> [AIM OF THE TASK]
When the listing below reaches the line that has "Stamina Elite Total", start reproducing exactly; stop after the line that has "2009 McDonalds", and drop the pictures.

> [DATA SHOWN]
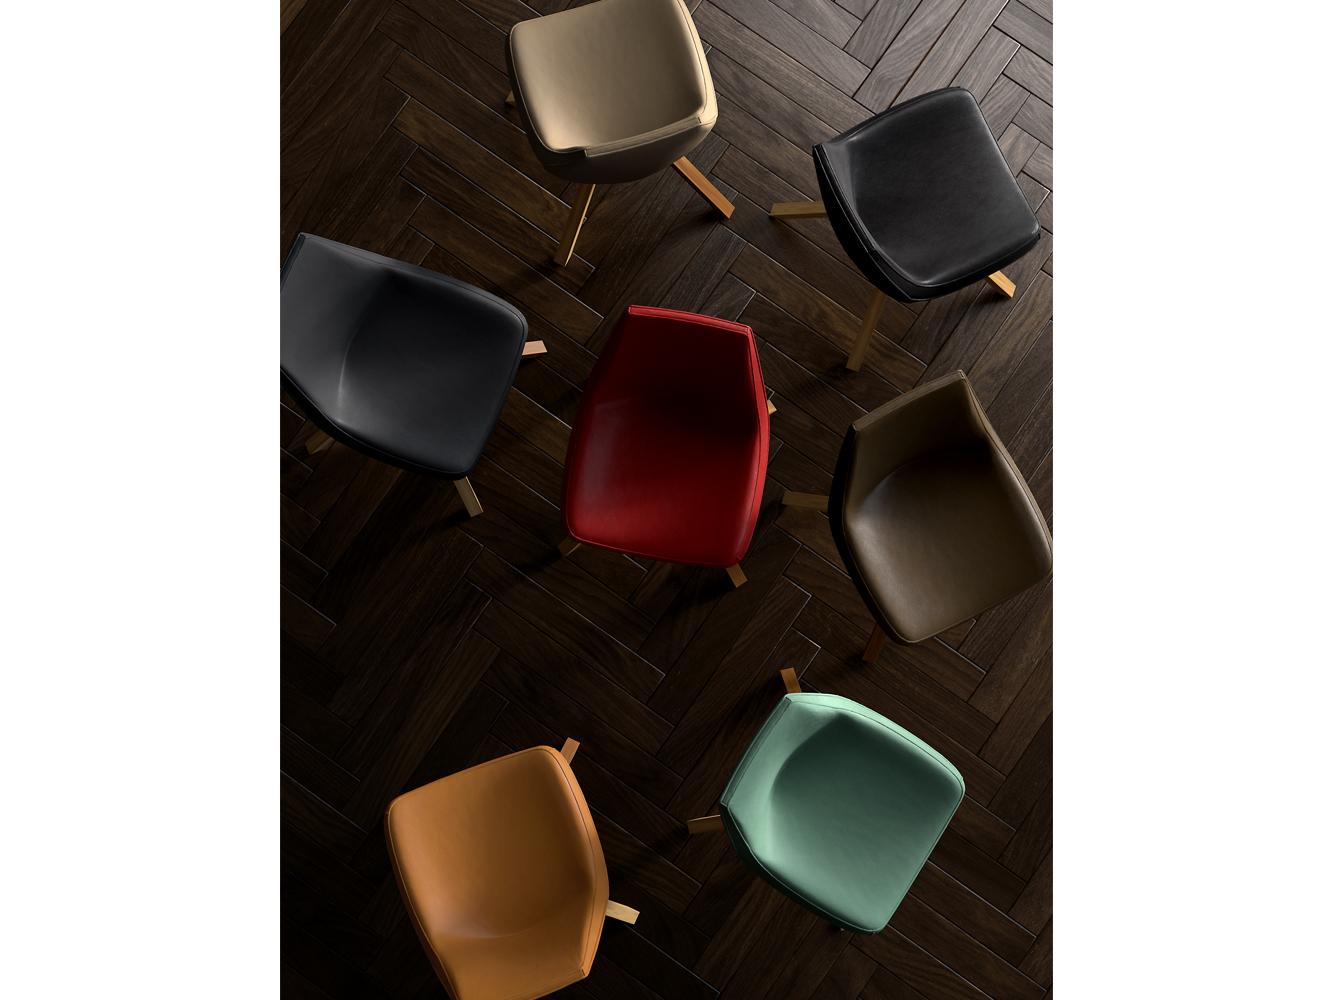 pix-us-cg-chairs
* * *
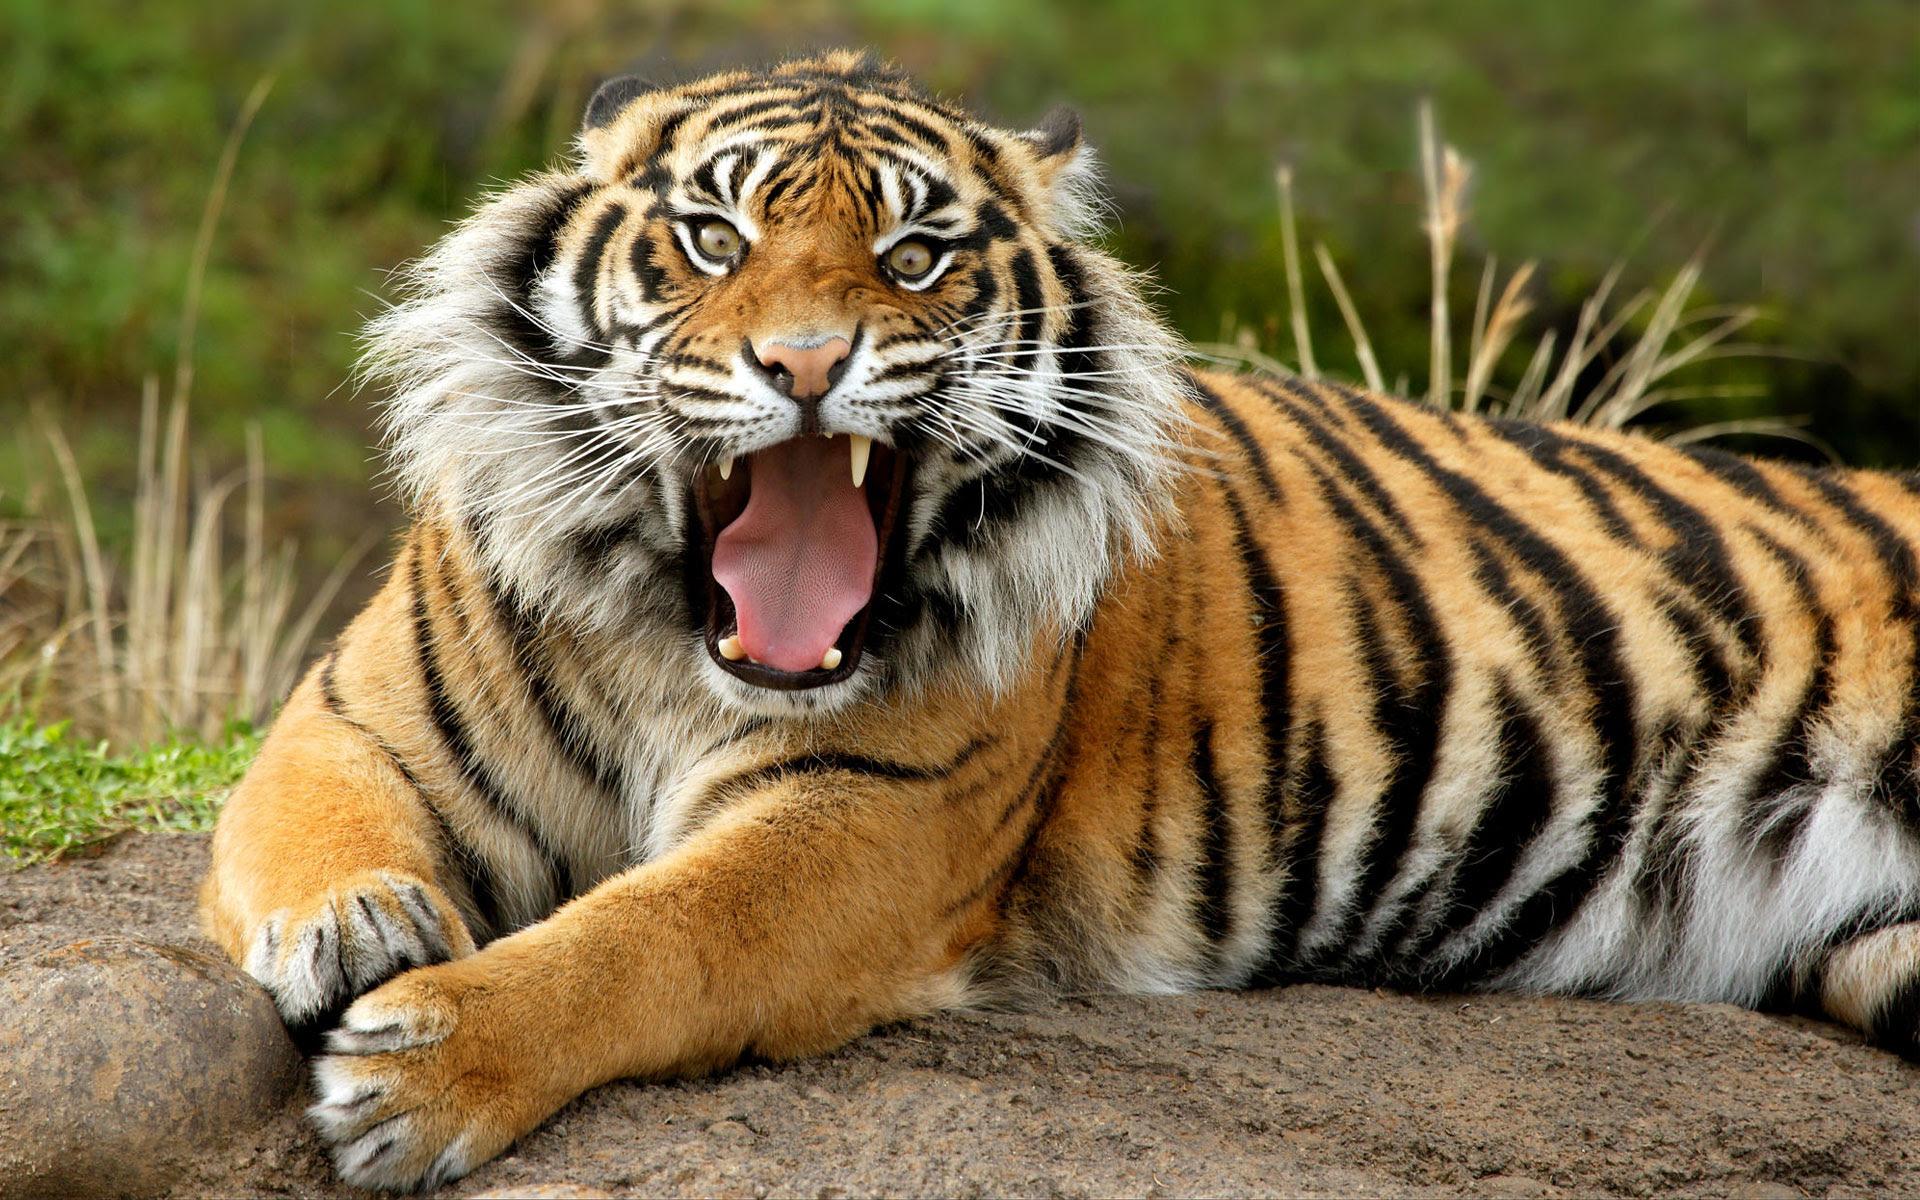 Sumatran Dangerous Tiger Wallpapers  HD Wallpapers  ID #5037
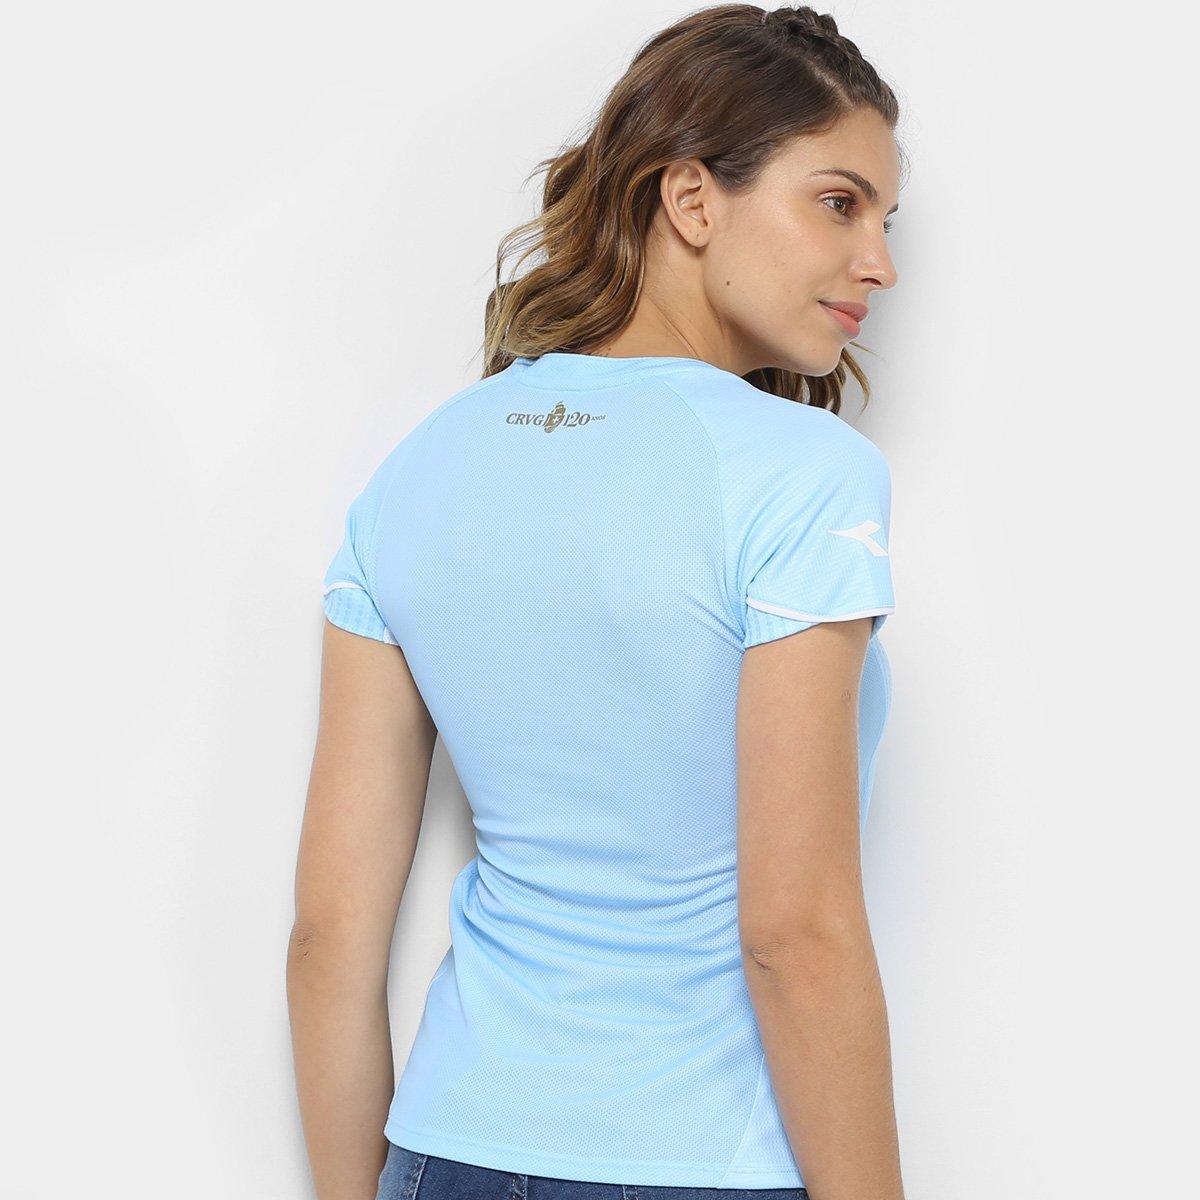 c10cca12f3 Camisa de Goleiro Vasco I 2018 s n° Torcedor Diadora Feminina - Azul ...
==
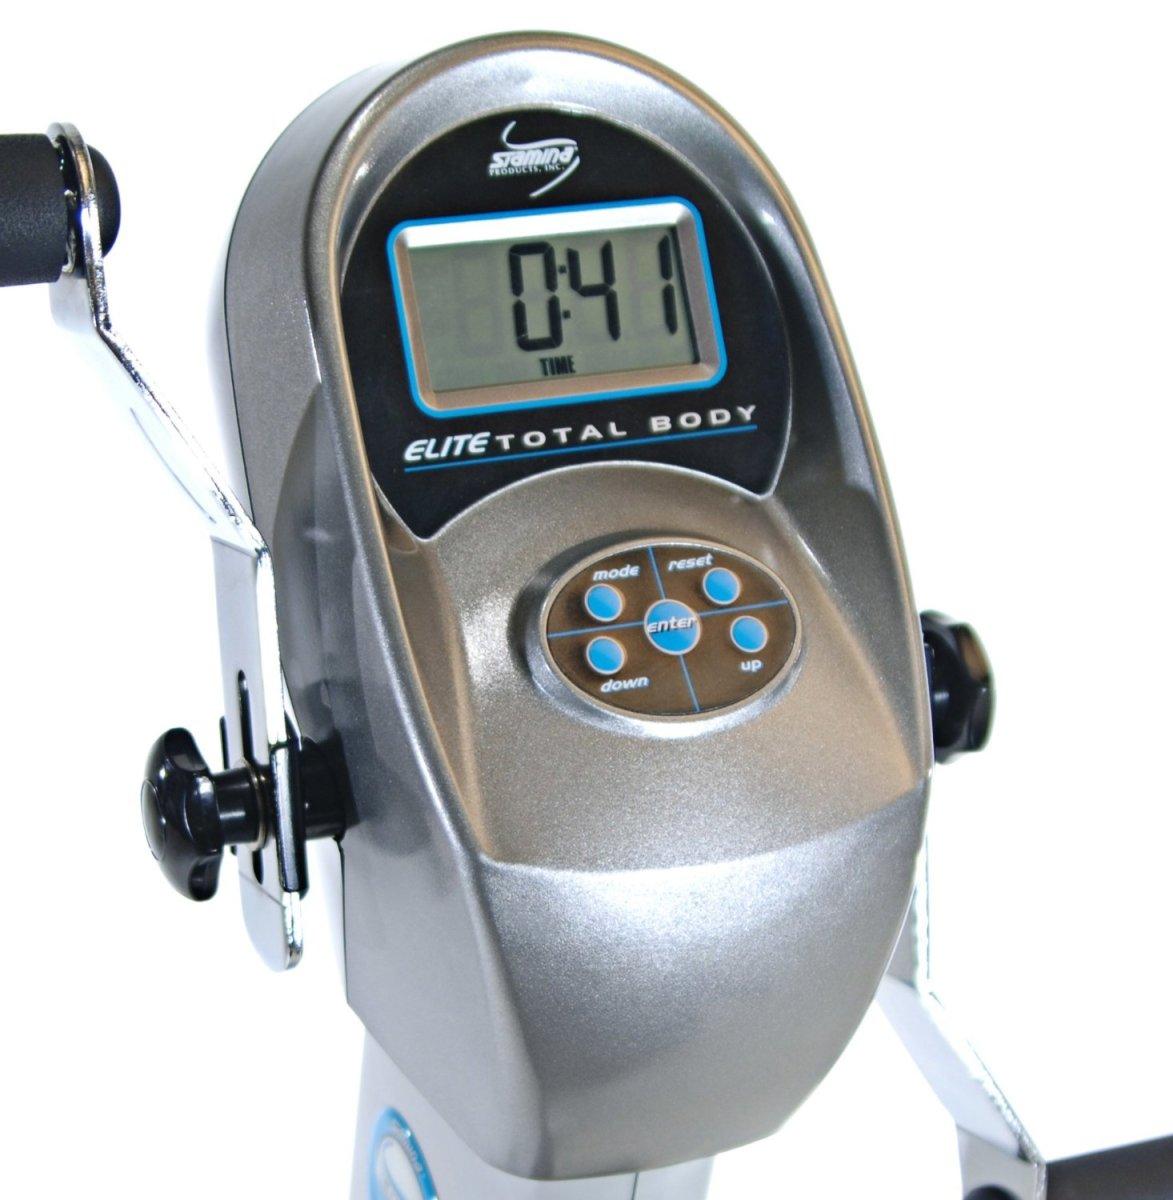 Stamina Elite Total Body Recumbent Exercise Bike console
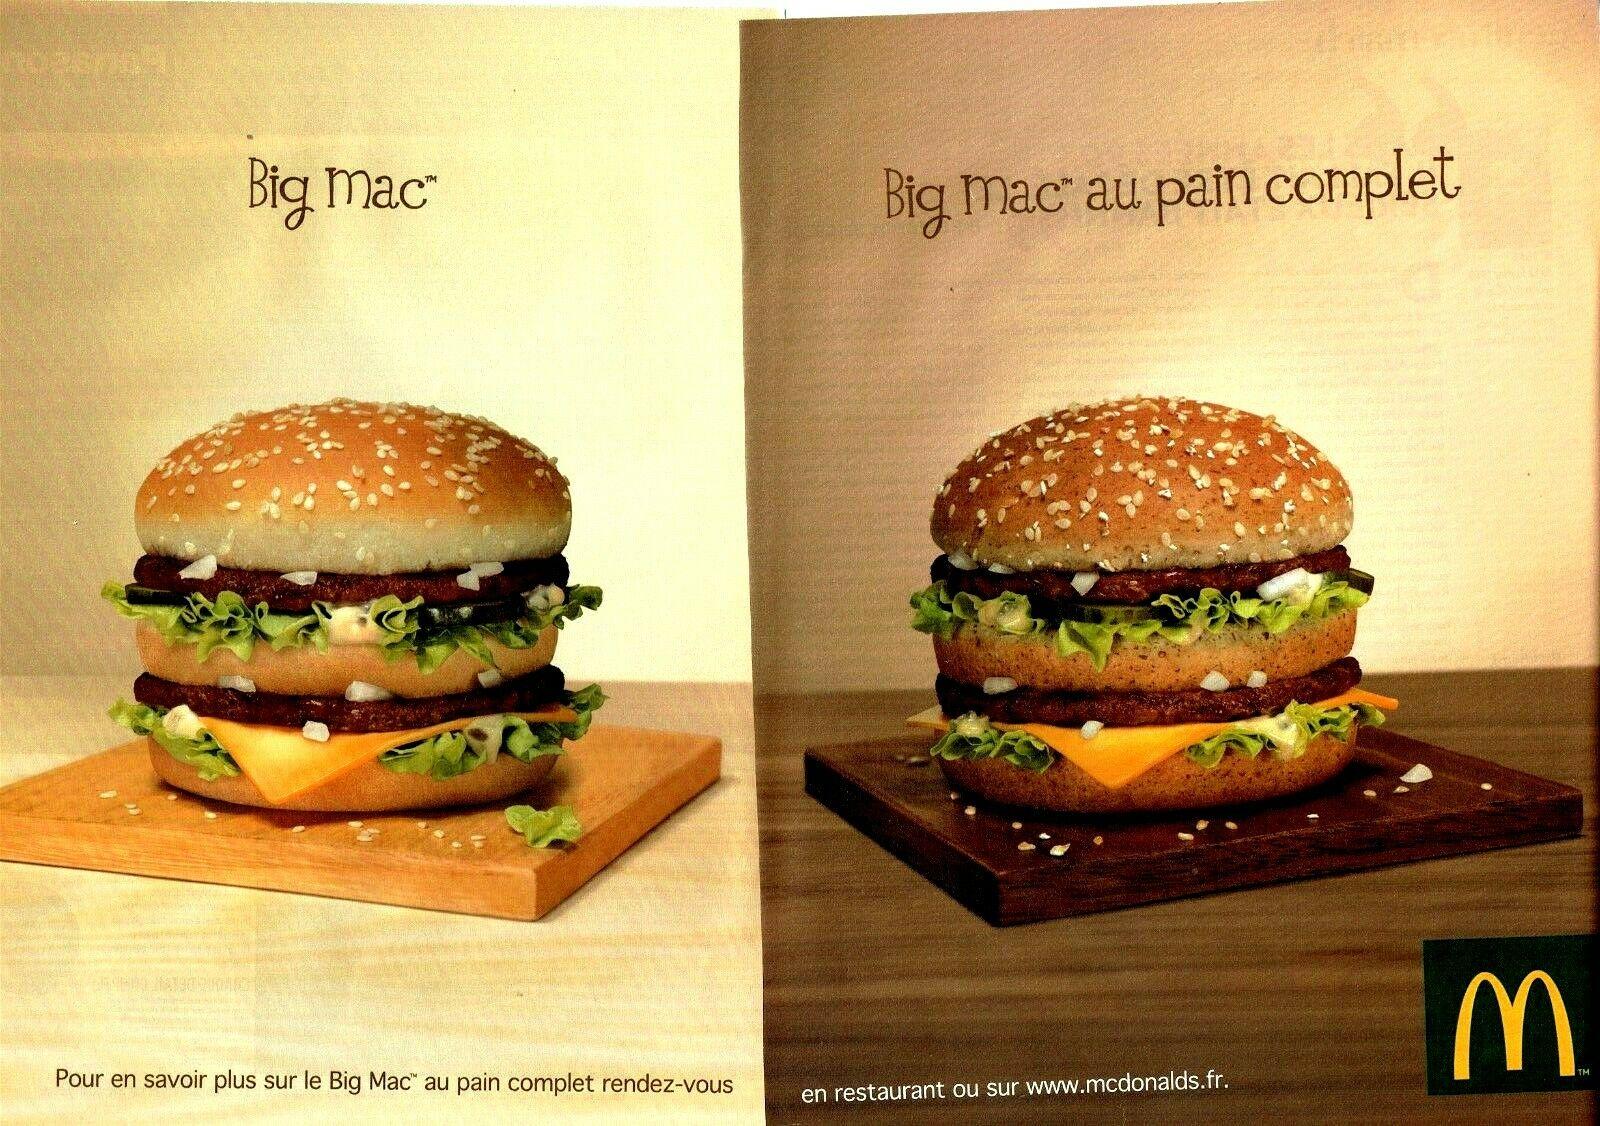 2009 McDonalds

> [RESPONSE TO THE EXERCISE]
 Stamina Elite Total Body Recumbent Exercise Bike console
 2009 McDonalds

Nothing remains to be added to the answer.